[Work task]
The lines below from the one with "A gray toy cargo" up to and including the one with "Water-based solution automatic" are what you should set down, exactly and without pictures.

[Source material]
++++++++

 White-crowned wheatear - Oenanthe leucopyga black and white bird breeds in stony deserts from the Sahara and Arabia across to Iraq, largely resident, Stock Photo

++++++++

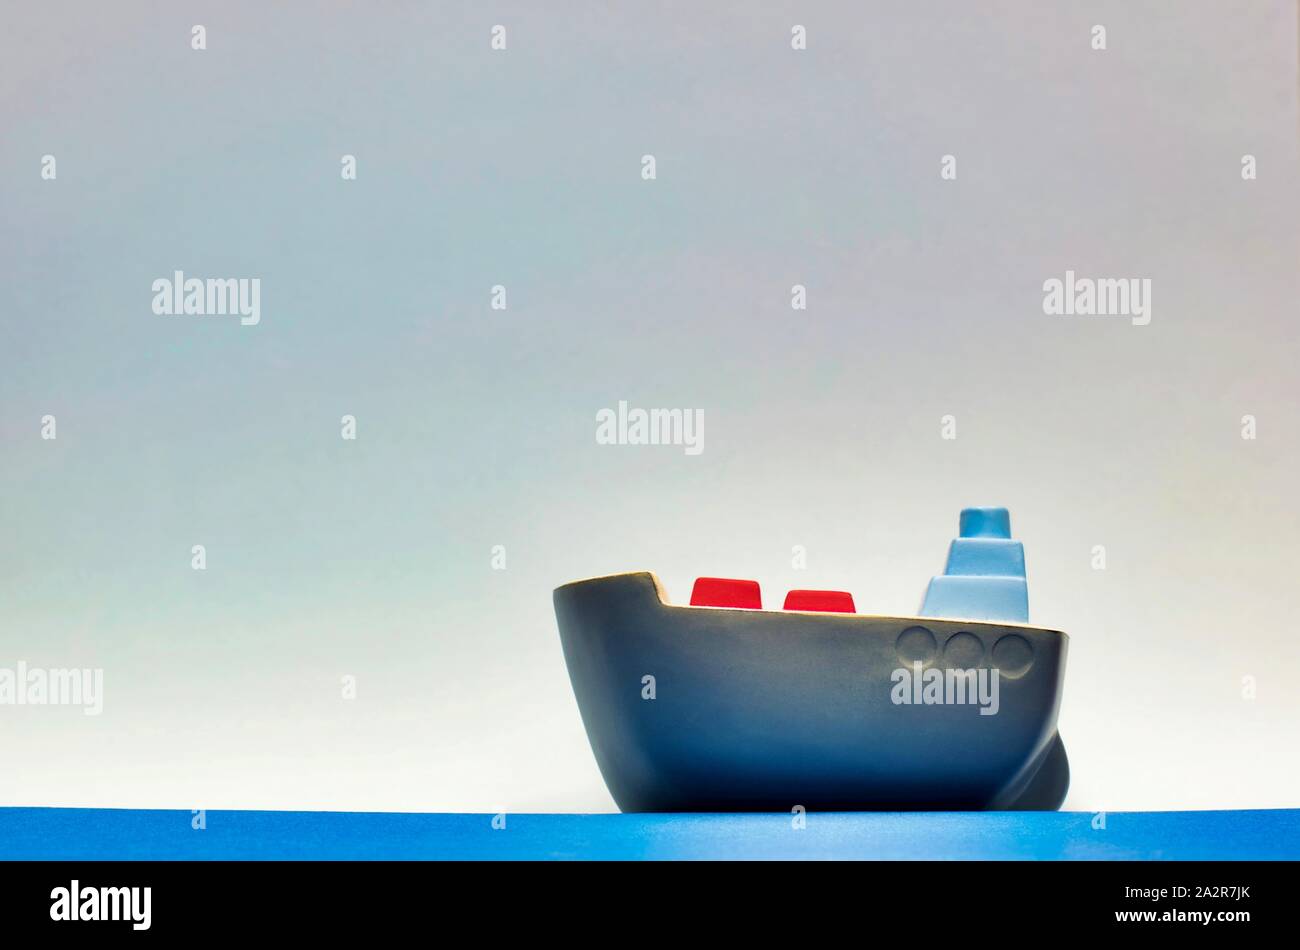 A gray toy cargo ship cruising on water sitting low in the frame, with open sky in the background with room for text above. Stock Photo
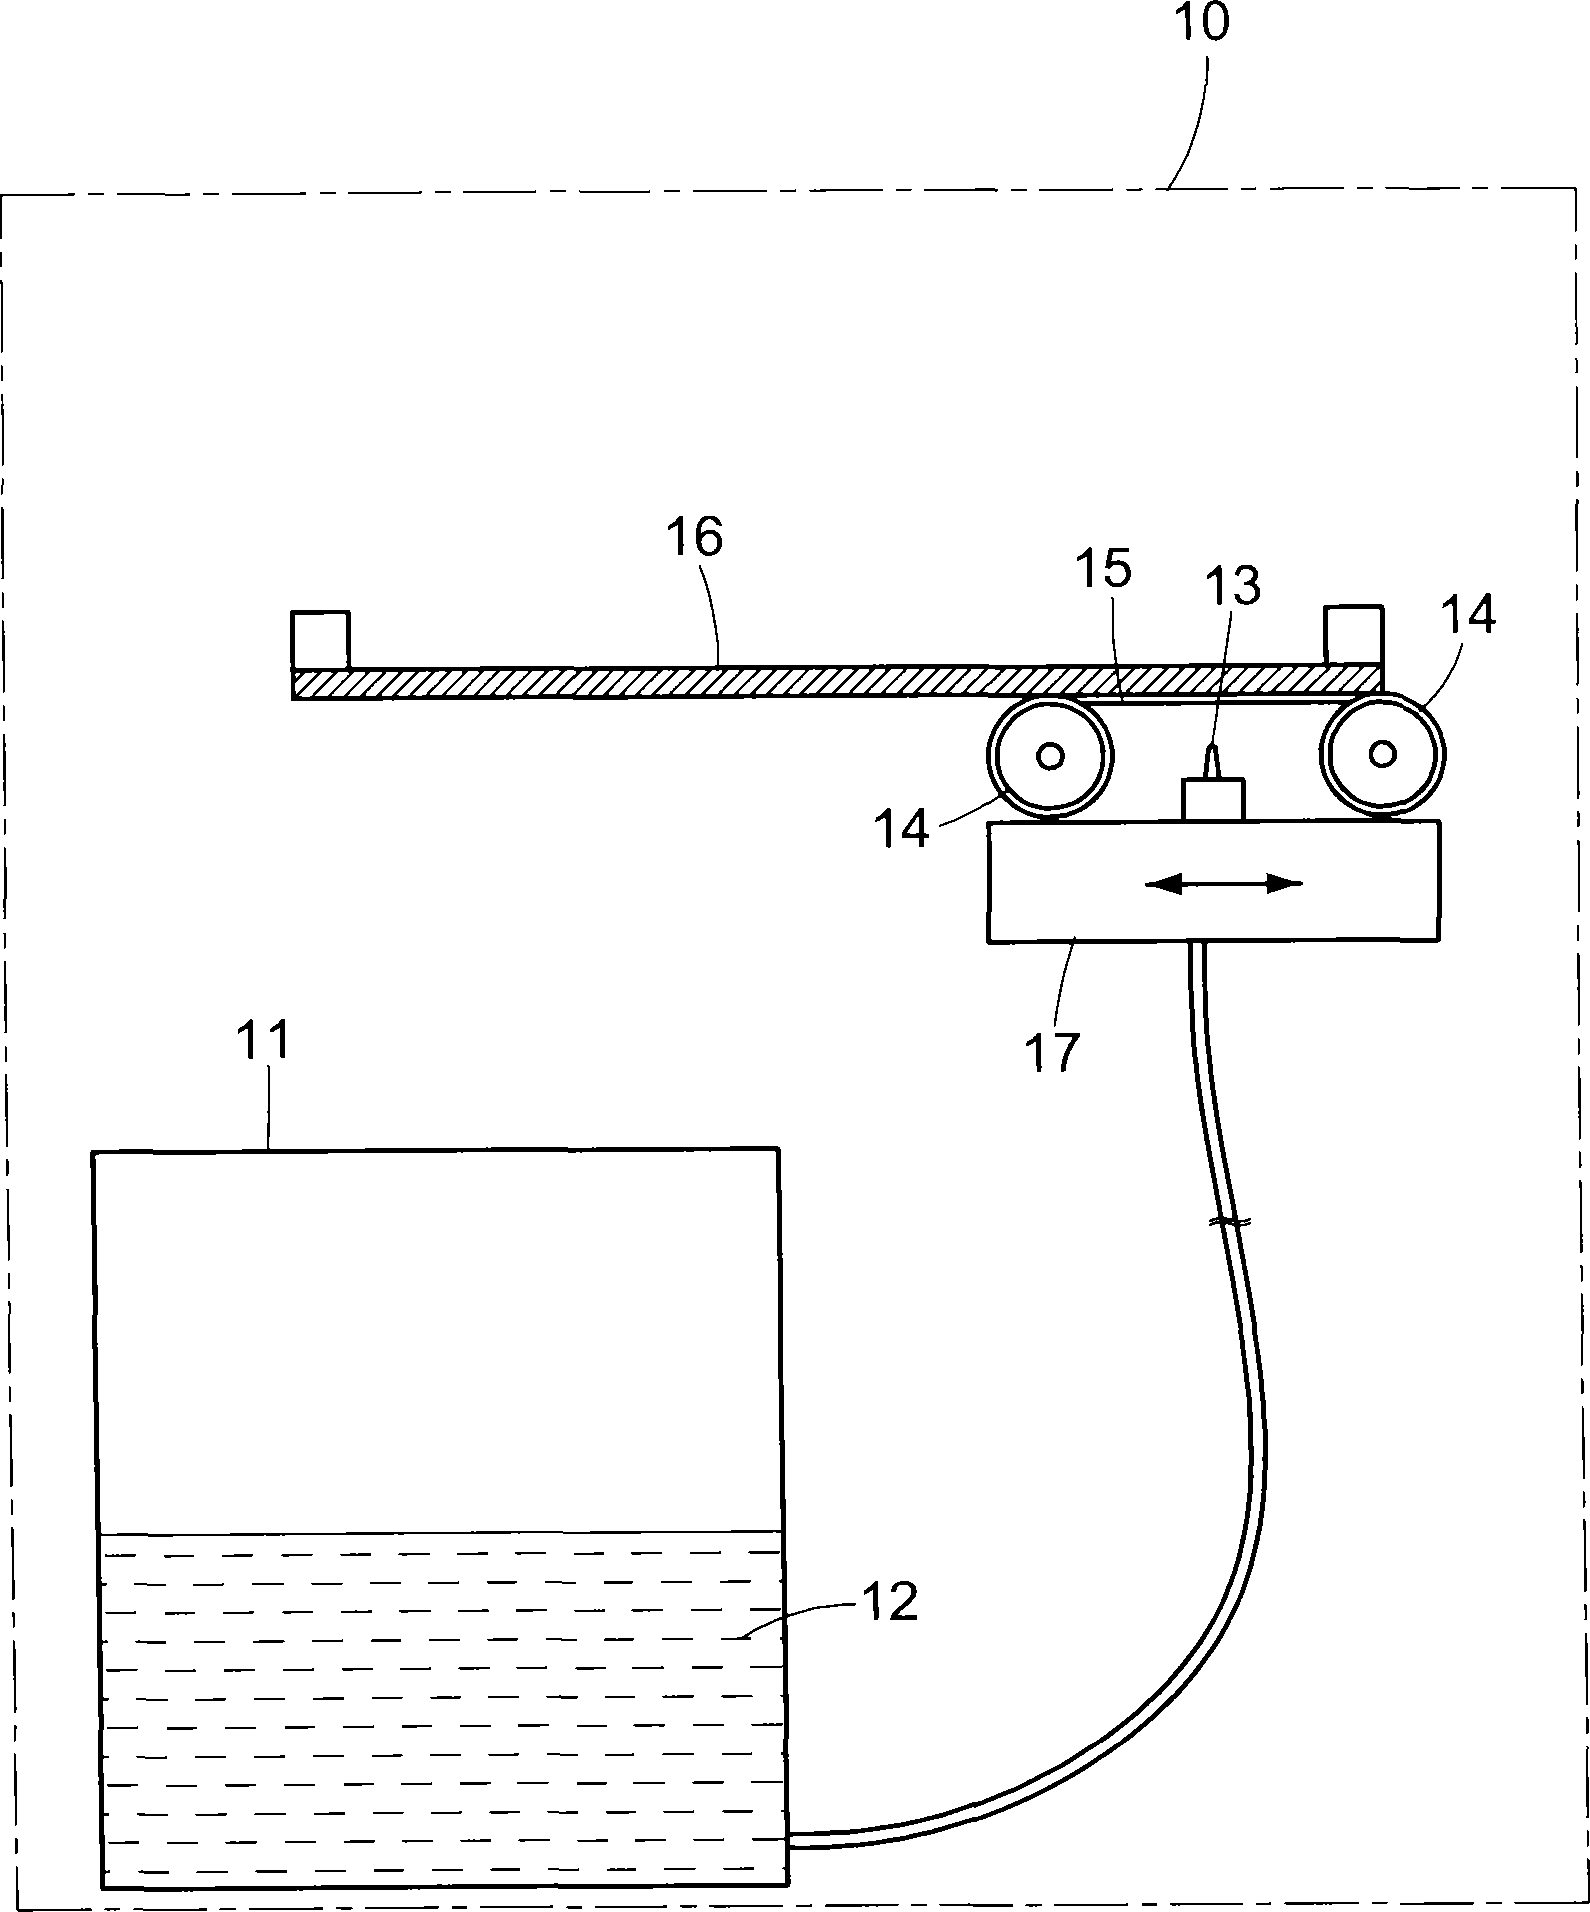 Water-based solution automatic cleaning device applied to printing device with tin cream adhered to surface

++++++++

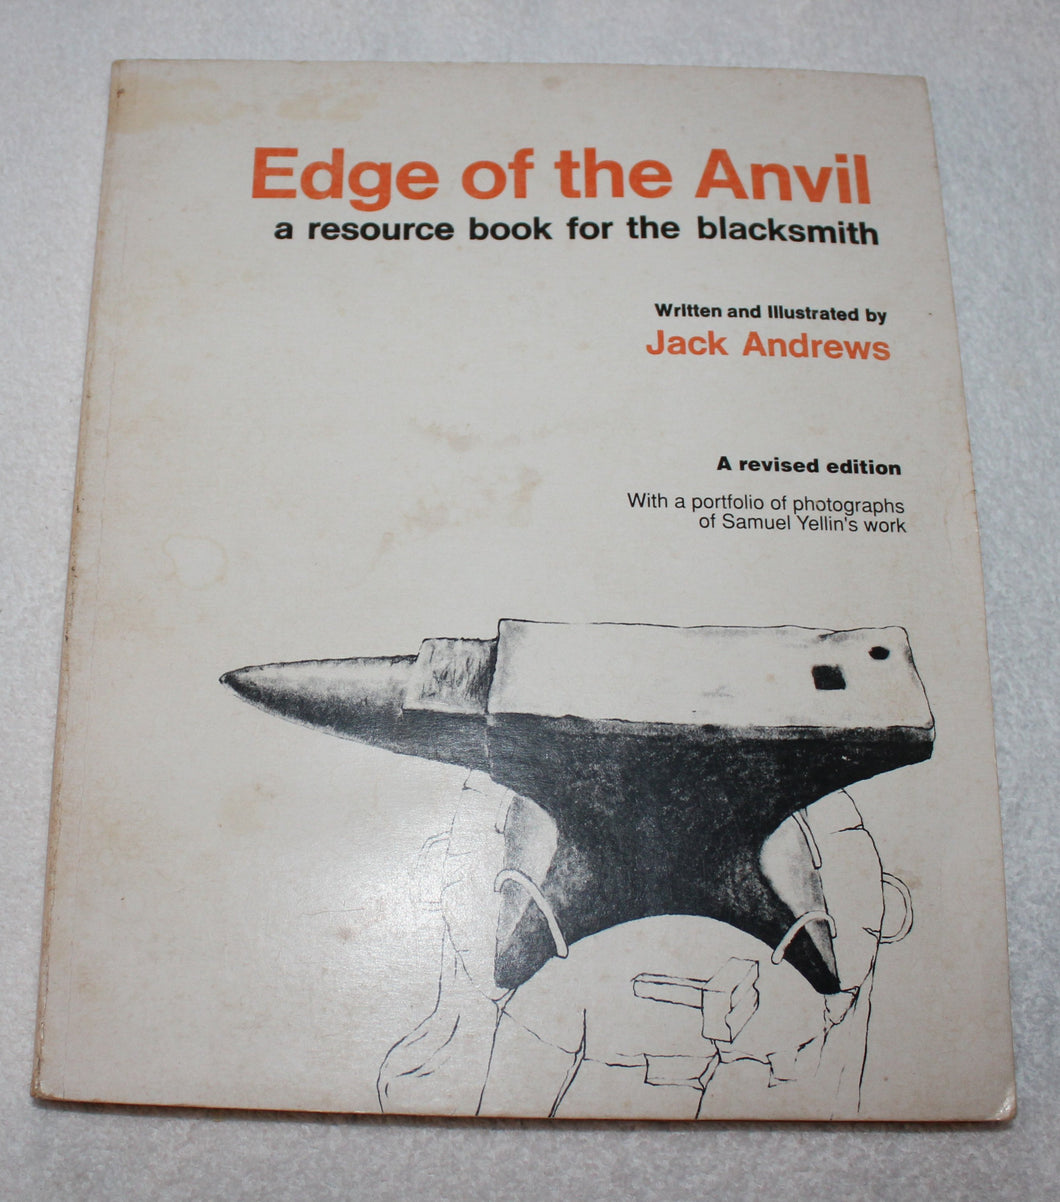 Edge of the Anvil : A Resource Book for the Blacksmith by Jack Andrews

++++++++

[Response to the task]
 A gray toy cargo ship cruising on water sitting low in the frame, with open sky in the background with room for text above. Stock Photo
 Water-based solution automatic cleaning device applied to printing device with tin cream adhered to surface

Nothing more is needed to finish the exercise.